Transformational teaching refers to an approach to teaching that empowers students to realize their full potential and become lifelong learners. This way of teaching opposes the traditional mechanical mode, wherein the teacher preaches what is right and wrong, and the students passively nod and write down the information.

The transformative model of education is an organic way of allowing students to become part of the process of discovering and learning new information. Instead of asking students to memorize a particular lesson, a teacher using a transformative approach will challenge the students to question what they have just been told and to find out the truth together.

This approach allows students to become active actors in the process of learning, which in turn develops their critical thinking and makes them more engaged with the lesson’s materials.
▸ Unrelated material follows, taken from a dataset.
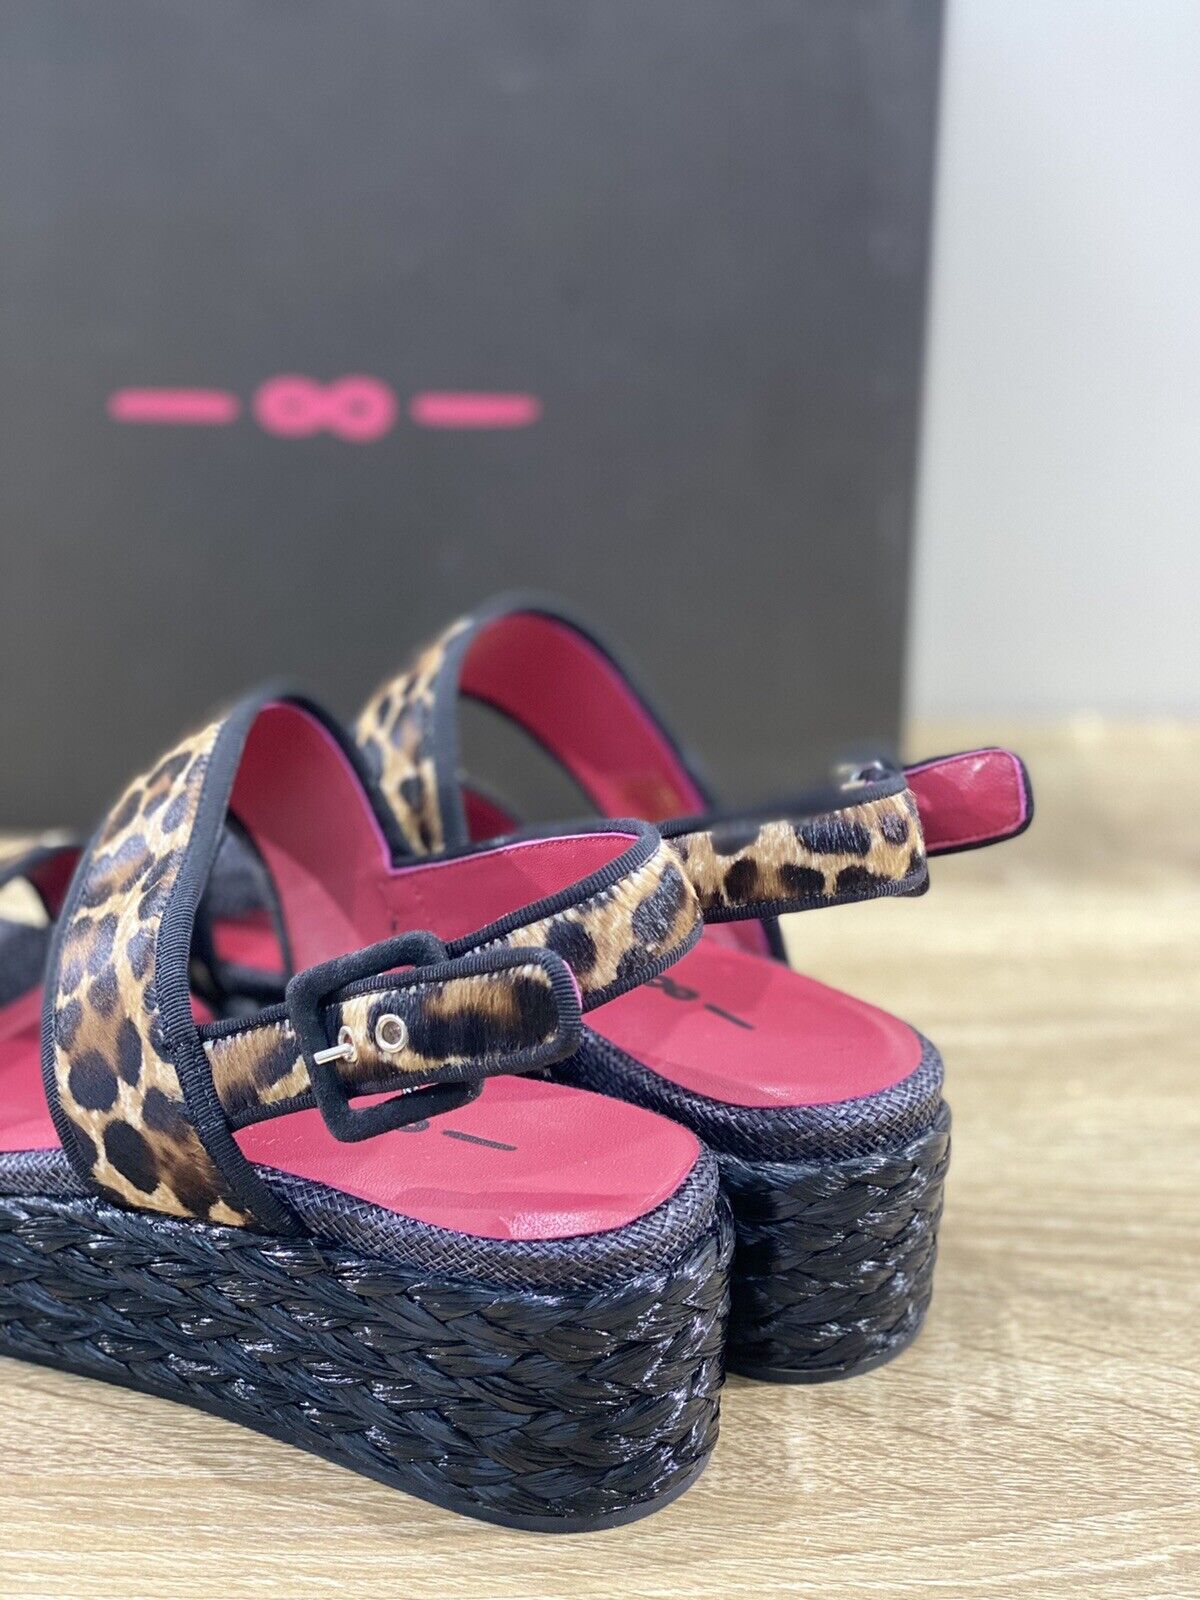 181 Sandalo donna Zeppa Cavallino Leopard  luxury sandal 38

Transformational learning emphasizes the crucial role of struggle and the need to embrace it as part of the learning process. Many students fear asking questions or giving the wrong answers, which impedes their ability to test and improve their current knowledge. Nevertheless, a transformational approach could help students open up and realize that failure, struggle, and making mistakes are all part of the journey toward mastery and finding the truth about the world. According to a study published in the Journal of Transformative Education, transformative learning helps students understand themselves better and gain more initiative and autonomy in their studies.

Implementing transformational teaching requires a lot of dedication and commitment from teachers. However, it is a worthwhile pursuit, backed by scientific research, that facilitates an experience that transforms the way students view studying. Once students start to enjoy learning, their performance and engagement increase.
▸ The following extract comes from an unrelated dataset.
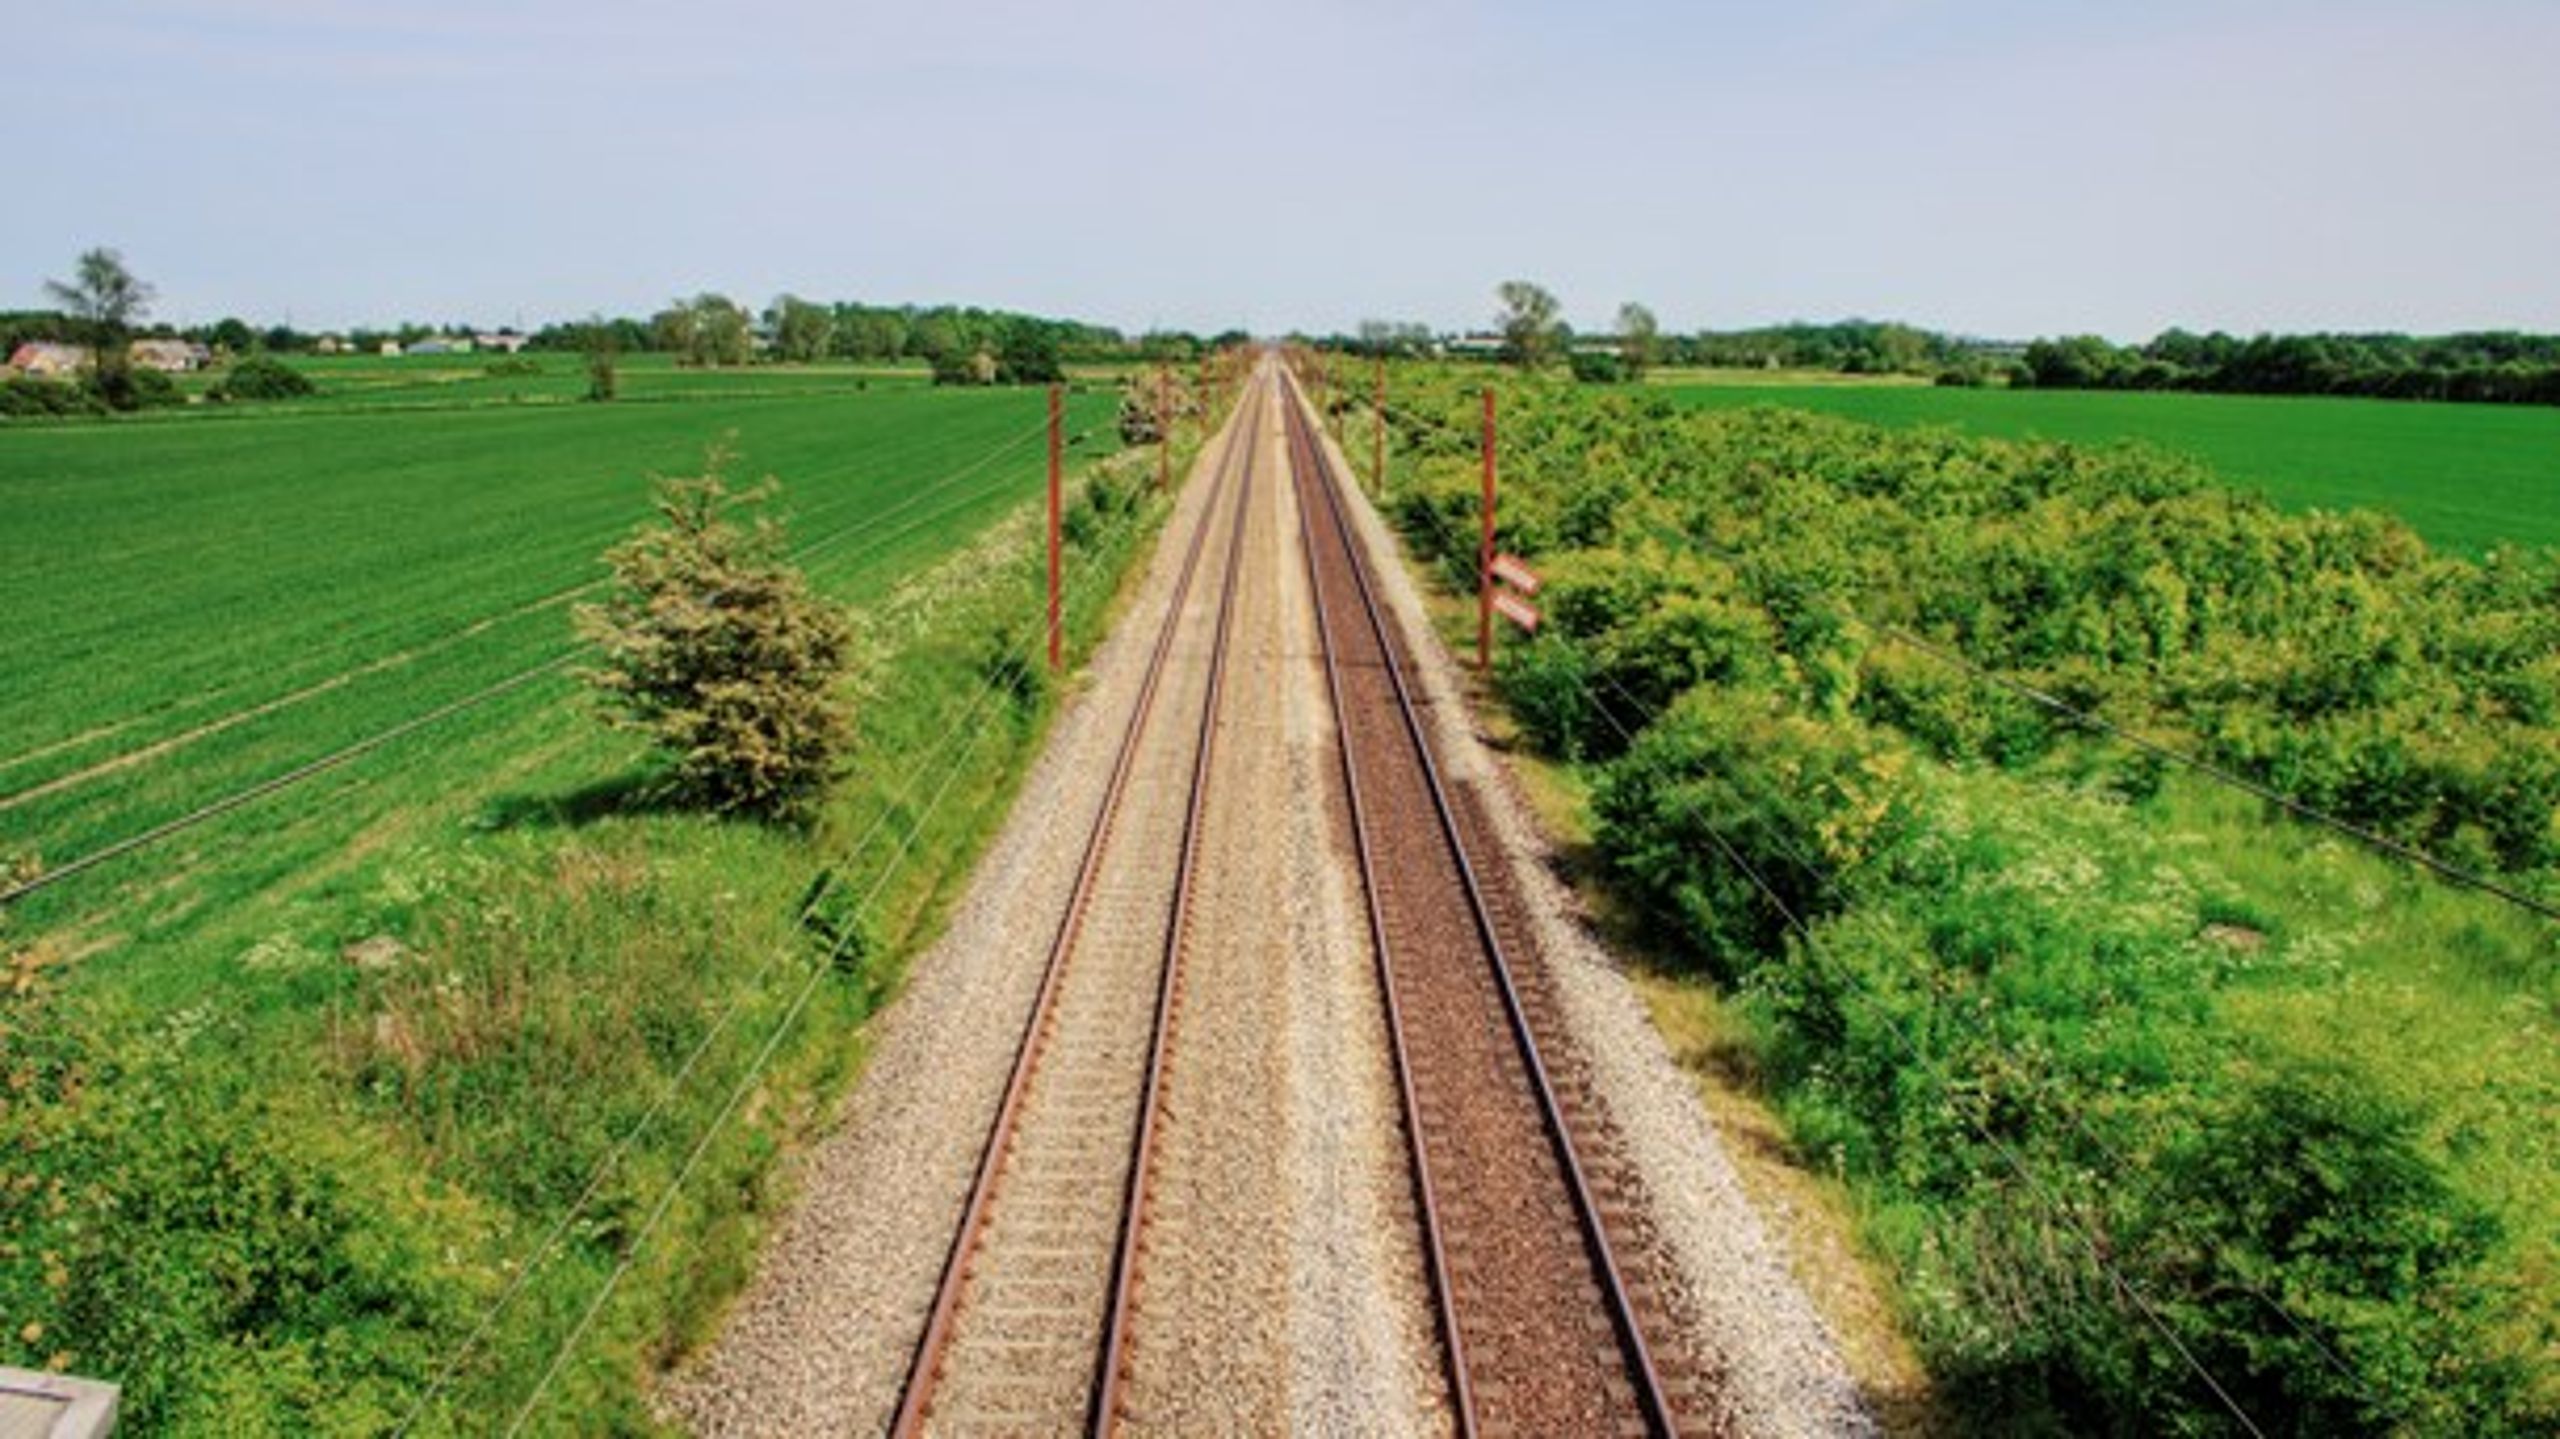 Der bliver alligevel ikke tomme skinner i Nordjylland, sikrer ny overenskomst for jernbane-medarbejdere.

What is the goal of transformative learning?

The fundamental goal of transformative learning is to empower individuals to change their beliefs and assumptions of the world.

This capacity to change is essential because it allows one to remain flexible in the face of the world's uncertainty. This is highly relevant in today’s society, where the speed at which technology changes our reality is astonishing.

We are continually faced with new technological innovations that change entire fields and eliminate various domains of the workforce.  For example, it was barely imaginable a few decades ago that you could replace a cashier with an automated machine, but now it’s a reality that many supermarkets have embraced.

Adapting to the latest developments within the technological revolution that is our current reality can lead to personal development and professional development.